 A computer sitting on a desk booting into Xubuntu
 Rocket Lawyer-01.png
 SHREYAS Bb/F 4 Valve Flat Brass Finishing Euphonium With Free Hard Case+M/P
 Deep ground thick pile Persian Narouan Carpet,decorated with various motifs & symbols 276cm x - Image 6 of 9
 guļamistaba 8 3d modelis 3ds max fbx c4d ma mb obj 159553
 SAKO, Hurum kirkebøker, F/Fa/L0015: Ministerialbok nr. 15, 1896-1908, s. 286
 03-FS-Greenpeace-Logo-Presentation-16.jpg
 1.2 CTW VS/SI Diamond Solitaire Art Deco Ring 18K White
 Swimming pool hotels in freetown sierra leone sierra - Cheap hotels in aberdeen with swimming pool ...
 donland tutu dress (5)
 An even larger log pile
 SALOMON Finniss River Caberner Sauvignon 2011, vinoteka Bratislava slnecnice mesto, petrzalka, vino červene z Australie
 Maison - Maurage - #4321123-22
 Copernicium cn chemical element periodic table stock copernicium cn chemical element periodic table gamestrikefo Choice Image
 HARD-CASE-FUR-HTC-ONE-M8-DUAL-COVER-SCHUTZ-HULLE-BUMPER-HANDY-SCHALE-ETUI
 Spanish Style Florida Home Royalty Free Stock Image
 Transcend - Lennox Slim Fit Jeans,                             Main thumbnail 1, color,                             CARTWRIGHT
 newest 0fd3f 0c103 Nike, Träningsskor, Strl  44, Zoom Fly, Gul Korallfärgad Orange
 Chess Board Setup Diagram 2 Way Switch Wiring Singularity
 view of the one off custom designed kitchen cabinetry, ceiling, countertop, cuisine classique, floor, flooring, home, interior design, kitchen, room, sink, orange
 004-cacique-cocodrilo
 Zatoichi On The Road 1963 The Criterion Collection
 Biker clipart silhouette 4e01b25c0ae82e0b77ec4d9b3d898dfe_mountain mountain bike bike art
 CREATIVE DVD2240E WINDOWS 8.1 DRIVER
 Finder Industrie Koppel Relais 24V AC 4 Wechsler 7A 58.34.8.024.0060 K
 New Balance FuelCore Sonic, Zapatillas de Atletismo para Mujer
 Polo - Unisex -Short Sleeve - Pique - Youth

================================

(Assigned task): Each line above is to be restated exactly.

(Task solution):
 A computer sitting on a desk booting into Xubuntu
 Rocket Lawyer-01.png
 SHREYAS Bb/F 4 Valve Flat Brass Finishing Euphonium With Free Hard Case+M/P
 Deep ground thick pile Persian Narouan Carpet,decorated with various motifs & symbols 276cm x - Image 6 of 9
 guļamistaba 8 3d modelis 3ds max fbx c4d ma mb obj 159553
 SAKO, Hurum kirkebøker, F/Fa/L0015: Ministerialbok nr. 15, 1896-1908, s. 286
 03-FS-Greenpeace-Logo-Presentation-16.jpg
 1.2 CTW VS/SI Diamond Solitaire Art Deco Ring 18K White
 Swimming pool hotels in freetown sierra leone sierra - Cheap hotels in aberdeen with swimming pool ...
 donland tutu dress (5)
 An even larger log pile
 SALOMON Finniss River Caberner Sauvignon 2011, vinoteka Bratislava slnecnice mesto, petrzalka, vino červene z Australie
 Maison - Maurage - #4321123-22
 Copernicium cn chemical element periodic table stock copernicium cn chemical element periodic table gamestrikefo Choice Image
 HARD-CASE-FUR-HTC-ONE-M8-DUAL-COVER-SCHUTZ-HULLE-BUMPER-HANDY-SCHALE-ETUI
 Spanish Style Florida Home Royalty Free Stock Image
 Transcend - Lennox Slim Fit Jeans,                             Main thumbnail 1, color,                             CARTWRIGHT
 newest 0fd3f 0c103 Nike, Träningsskor, Strl  44, Zoom Fly, Gul Korallfärgad Orange
 Chess Board Setup Diagram 2 Way Switch Wiring Singularity
 view of the one off custom designed kitchen cabinetry, ceiling, countertop, cuisine classique, floor, flooring, home, interior design, kitchen, room, sink, orange
 004-cacique-cocodrilo
 Zatoichi On The Road 1963 The Criterion Collection
 Biker clipart silhouette 4e01b25c0ae82e0b77ec4d9b3d898dfe_mountain mountain bike bike art
 CREATIVE DVD2240E WINDOWS 8.1 DRIVER
 Finder Industrie Koppel Relais 24V AC 4 Wechsler 7A 58.34.8.024.0060 K
 New Balance FuelCore Sonic, Zapatillas de Atletismo para Mujer
 Polo - Unisex -Short Sleeve - Pique - Youth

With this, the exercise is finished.